The above PyMC code specifies the linear regression model in the following way: \begin{align*} &Y_i \sim N(\mu_i, \sigma^2) ~~ \text{ for } i = 1, \dots, n \\ &\mu_i = \beta_0 + \beta_1 x_{i1} + \beta_2 x_{i2} + \dots + \beta_m x_{im} ~~ \text{ for } i = 1, \dots, n \\ &\beta_0, \beta_1, \dots, \beta_m, \log \sigma \overset{\text{i.i.d}}{\sim} \text{Flat} = \text{Uniform}[-C, C] \text{ for very large } C \end{align*} Let us check that the Bayesian analysis leads to basically the same answers as statsmodels OLS.

In [16]:
b0_samples = idata.posterior['b0'].values.flatten()
b1_samples = idata.posterior['b1'].values.flatten()
b2_samples = idata.posterior['b2'].values.flatten()
b3_samples = idata.posterior['b3'].values.flatten()
b4_samples = idata.posterior['b4'].values.flatten()
b5_samples = idata.posterior['b5'].values.flatten()
b6_samples = idata.posterior['b6'].values.flatten()
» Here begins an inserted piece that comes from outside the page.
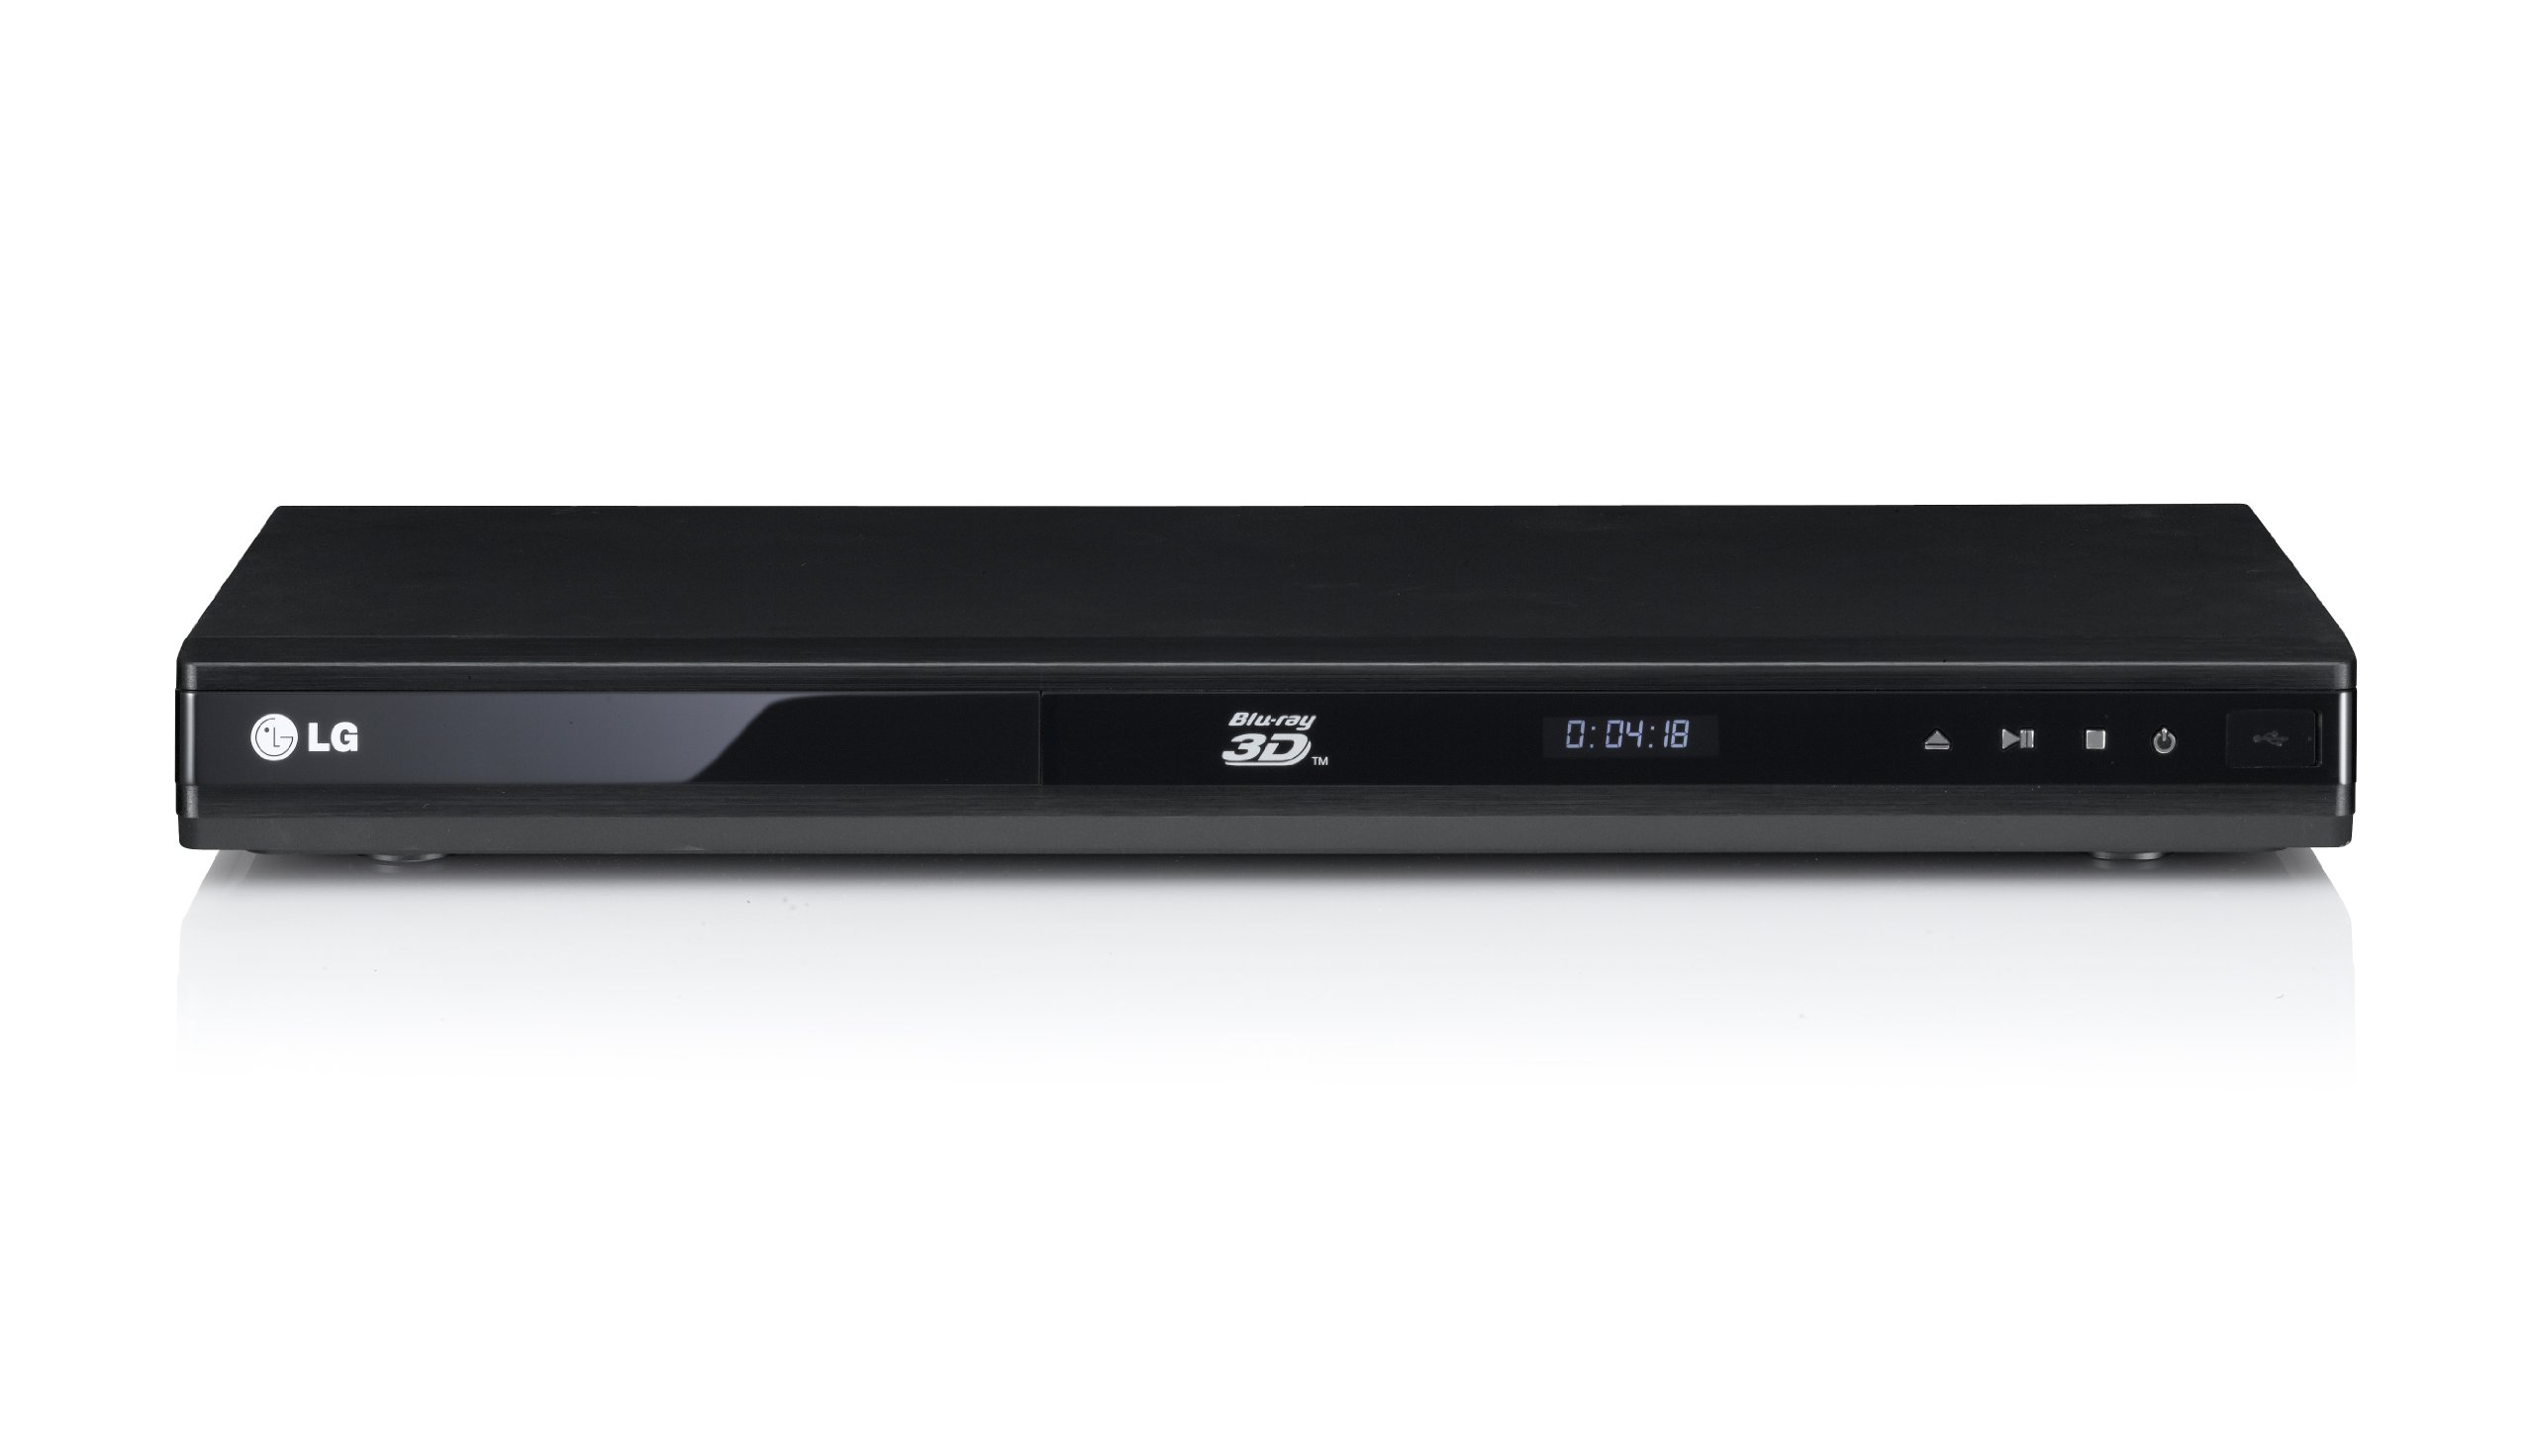 LG BP175: נגן DVD במחיר סביר עם יכולות מתקדמות

allsamples = [b0_samples, b1_samples, b2_samples, b3_samples, b4_samples, b5_samples, b6_samples]
names = ['b0', 'b1', 'b2', 'b3', 'b4', 'b5', 'b6']
print("Parameter   | Mean     | Std. Dev. | Least Squares | Std. Error")
print("------------|----------|----------")
for i, (name, arr) in enumerate(zip(names, allsamples)):
    print(f"{name:10}| {np.mean(arr):.6f} | {np.std(arr):.6f} | {linmodel.params.values[i]:.6f}  | {linmodel.bse.values[i]:.6f}")
Parameter   | Mean     | Std. Dev. | Least Squares | Std. Error
------------|----------|----------
b0        | 1175.858222 | 242.523307 | 1166.877797  | 243.737876
b1        | -434.363992 | 59.045116 | -433.122873  | 58.416292
b2        | -28.572263 | 4.043531 | -28.430794  | 4.066762
b3        | 32.440296 | 13.042272 | 32.625466  | 12.827177
b4        | -13.836047 | 7.102644 | -13.935253  | 6.857217
b5        | 67.582198 | 9.766088 | 67.797967  | 9.895837
b6        | -0.727326 | 0.320257 | -0.737492  | 0.324827

The estimated regression coefficent $\hat{\beta}_1$ for "kidslt6" is about -430 which can be interpreted as follows: having a small child reduces the mean hours worked by about 430. This result is clearly meaningless for women with small working hours (e.g., if someone only works for about 300 hours, what does a reduction of 430 mean?). It is also not very meaningful for women with lots of working hours (e.g., if someone works for more than 3000 hours, a reduction of 430 due to a small kid sounds too small). A much more meaningful and useful interpretation would report reductions in terms of percentages and not absolute hours. For example, a statement such as "having a small child reduces the mean hours worked by about 40%" would apply to all working women and be much more interpretable. Such an intepretation cannot be drawn based on this linear regression.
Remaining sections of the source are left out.